Blazer 23

Development
- Designer: Bruce Kirby
- Location: Canada
- Year: 1988
- Builder: Ontario Yachts
- Role: Racer-Cruiser
- Name: Blazer 23

Boat
- Displacement: 2,200 lb (998 kg)
- Draft: 3.75 ft (1.14 m)

Hull
- Type: monohull
- Construction: fibreglass
- LOA: 23.00 ft (7.01 m)
- LWL: 18.75 ft (5.72 m)
- Beam: 7.92 ft (2.41 m)
- Engine: outboard motor

Hull appendages
- Keel: fin keel
- Ballast: 900 lb (408 kg)
- Rudder: skeg-mounted rudder

Rig
- Rig type: Bermuda rig
- I foretriangle height: 25.75 ft (7.85 m)
- J foretriangle base: 8.90 ft (2.71 m)
- P mainsail luff: 26.00 ft (7.92 m)
- E mainsail foot: 11.18 ft (3.41 m)

Sails
- Sailplan: fractional rigged sloop
- Mainsail area: 145.34 sq ft (13.503 m^{2})
- Jib/genoa area: 114.59 sq ft (10.646 m^{2})
- Total sail area: 259.93 sq ft (24.148 m^{2})

Racing
- PHRF: 180

= Blazer 23 =

Sailboat class

The Blazer 23 is a Canadian trailerable sailboat that was designed by Bruce Kirby as racer-cruiser and first built in 1988.

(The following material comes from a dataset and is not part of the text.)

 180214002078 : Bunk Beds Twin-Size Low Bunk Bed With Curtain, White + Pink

The Blazer 23 is a cruising development of the Sonar, using the same hull design, but with a larger cabin with ports and a commensurately smaller cockpit, but slightly more sail area. It is very similar to the Kirby 23.

==Production==
The design was built by Ontario Yachts in Canada, starting in 1988, but it is now out of production.

==Design==
The Blazer 23 is a recreational keelboat, built predominantly of fibreglass, with wood trim. It has a fractional sloop rig, a raked stem, a slightly reverse transom, a skeg-mounted rudder controlled by a tiller and a fixed fin keel. It displaces 2200 lb and carries 900 lb of lead ballast.

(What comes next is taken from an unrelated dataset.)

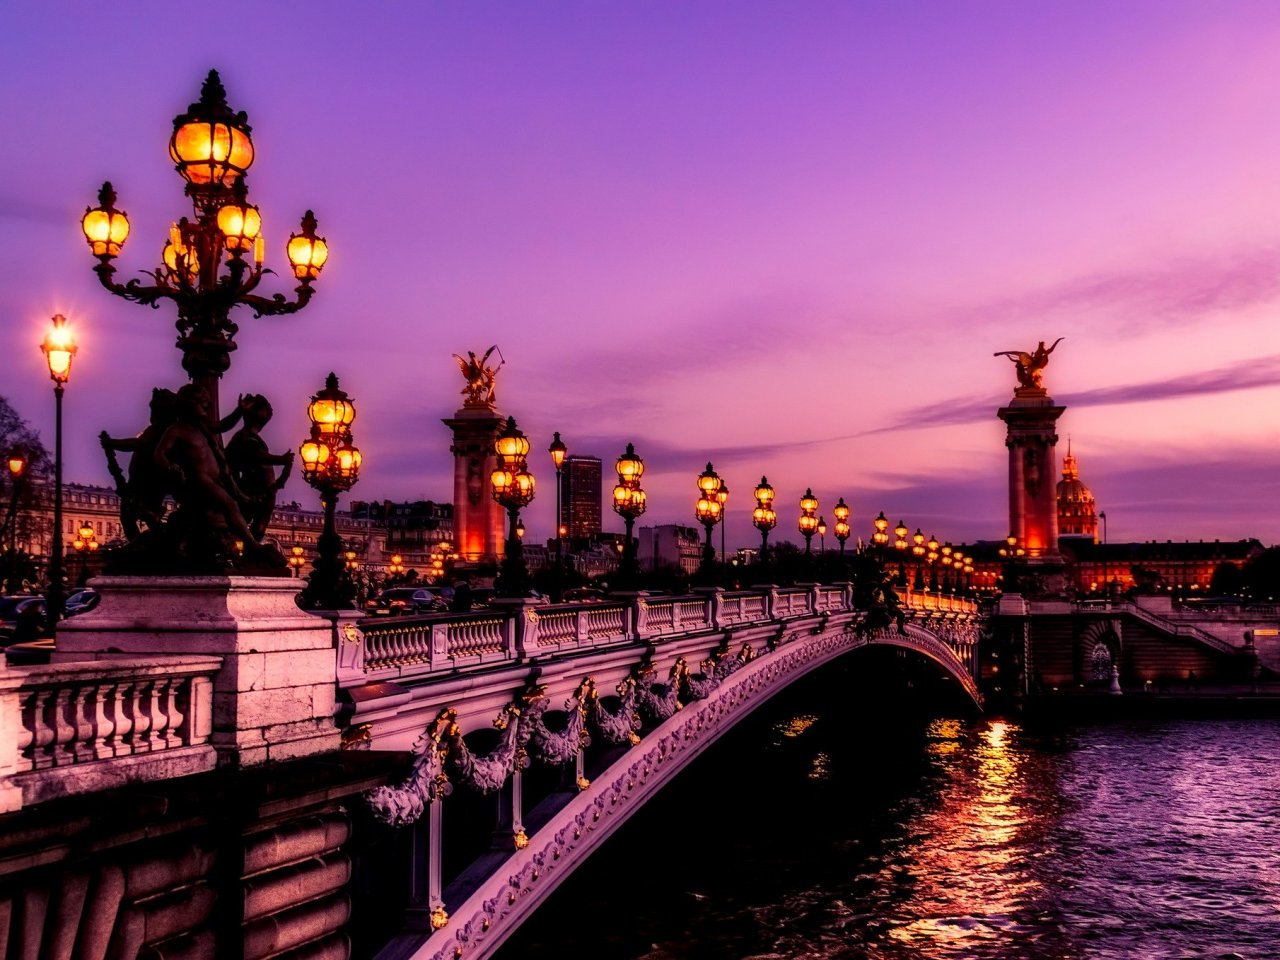 The Pont Alexandre III jigsaw puzzle

The boat has a draft of 3.75 ft with the standard keel.

The boat is normally fitted with a small 3 to 6 hp outboard motor for docking and manoeuvring.

The design has sleeping accommodation for four people, with a double "V"-berth in the bow cabin and two straight settees in the main cabin. The galley is located on both sides, just aft of the bow cabin. The galley is equipped with a two-burner stove on the starboard side and a sink on the port side. The head is located under the bow cabin "V"-berth. Cabin headroom is 42 in.

For safety the design is equipped with foam flotation.

The design has a PHRF racing average handicap of 180 and a hull speed of 5.8 kn.

==Operational history==
In a 2010 review Steve Henkel wrote that the boat provides, "exceptionally spritely performance in light and moderate air. Foam flotation for safety is also a plus. Worst features: Low profile and an extra-long cockpit result in a short, low cabin with significantly less accommodation space than the Blazer's comp[etitor]s. Due to her deep draft and deep, nonfolding rudder, using a hoist rather than a ramp for launching is a virtual necessity."